Re: [PATCH v4 0/5] Add LVTS support for mt8192

[Date Prev][Date Next][Thread Prev][Thread Next][Date Index][Thread Index]

 




Hi Nicolas,

thanks for investigating !

On 15/06/2023 21:17, Nícolas F. R. A. Prado wrote:
On Thu, Jun 08, 2023 at 11:39:27AM +0200, Daniel Lezcano wrote:
On 01/06/2023 19:09, Nícolas F. R. A. Prado wrote:
On Wed, May 31, 2023 at 12:49:43PM +0800, Chen-Yu Tsai wrote:
On Wed, May 31, 2023 at 3:51 AM Bernhard Rosenkränzer <bero@xxxxxxxxxxxx> wrote:

From: Balsam CHIHI <bchihi@xxxxxxxxxxxx>

Add full LVTS support (MCU thermal domain + AP thermal domain) to MediaTek MT8192 SoC.
Also, add Suspend and Resume support to LVTS Driver (all SoCs),
and update the documentation that describes the Calibration Data Offsets.

Changelog:
      v4 :
          - Shrink the lvts_ap thermal sensor I/O range to 0xc00 to make
            room for SVS support, pointed out by
            AngeloGioacchino Del Regno <angelogioacchino.delregno@xxxxxxxxxxxxx>

      v3 :
          - Rebased :
              base-commit: 6a3d37b4d885129561e1cef361216f00472f7d2e
          - Fix issues in v2 pointed out by Nícolas F. R. A. Prado <nfraprado@xxxxxxxxxxxxx>:
            Use filtered mode to make sure threshold interrupts are triggered,

I'm seeing sensor readout (either through sysfs/thermal/<x>/temp or hwmon)
fail frequently on MT8192. If I run `sensors` (lm-sensors), at least a couple
of the LVTS sensors would be N/A. Not sure if this is related to this change.

Yes, it is.

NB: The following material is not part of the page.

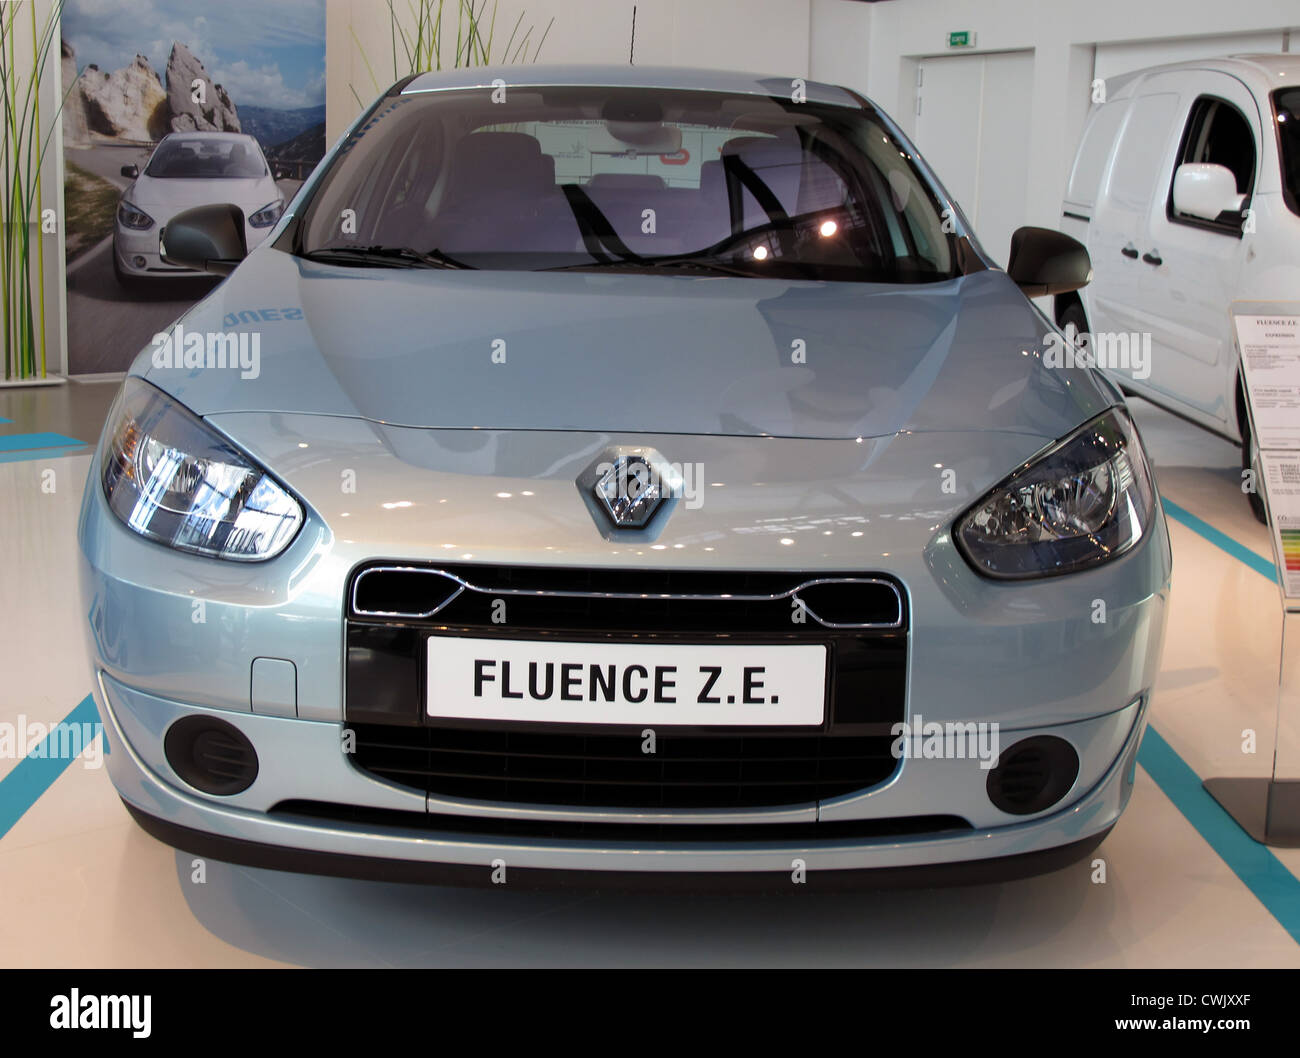 Renault,Fluence ZE,Electric car,Zero emission,Show room at Boulogne-Billancourt near Paris,France Stock Photo

Filtered mode has some delay associated with reading, meaning most
of the time the value isn't ready, while immediate mode is, well, pretty much
immediate and the read always succeeds.

For temperature monitoring, filtered mode should be used. It supports triggering
interrupts when crossing the thresholds. Immediate mode is meant for one-off
readings of the temperature. This is why I suggested using filtered mode.

As far as the thermal framework goes, it's ok that filtered mode doesn't always
return a value, as it will keep the old one. But of course, having the
temperature readout always work would be a desired improvement.

As for ways to achieve that, I think the intended way would be to enable the
interrupts that signal data ready on filtered mode (bits 19, 20, 21, 28), read
the temperature and cache it so it is always available when the get_temp()
callback is called. The issue with this is that it would cause *a lot* of
interrupts, which doesn't seem worth it.

Another option that comes to mind would be to enable immediate mode only during
the get_temp() callback, to immediately read a value, and return to filtered
mode at the end. That might work, but I haven't tried yet.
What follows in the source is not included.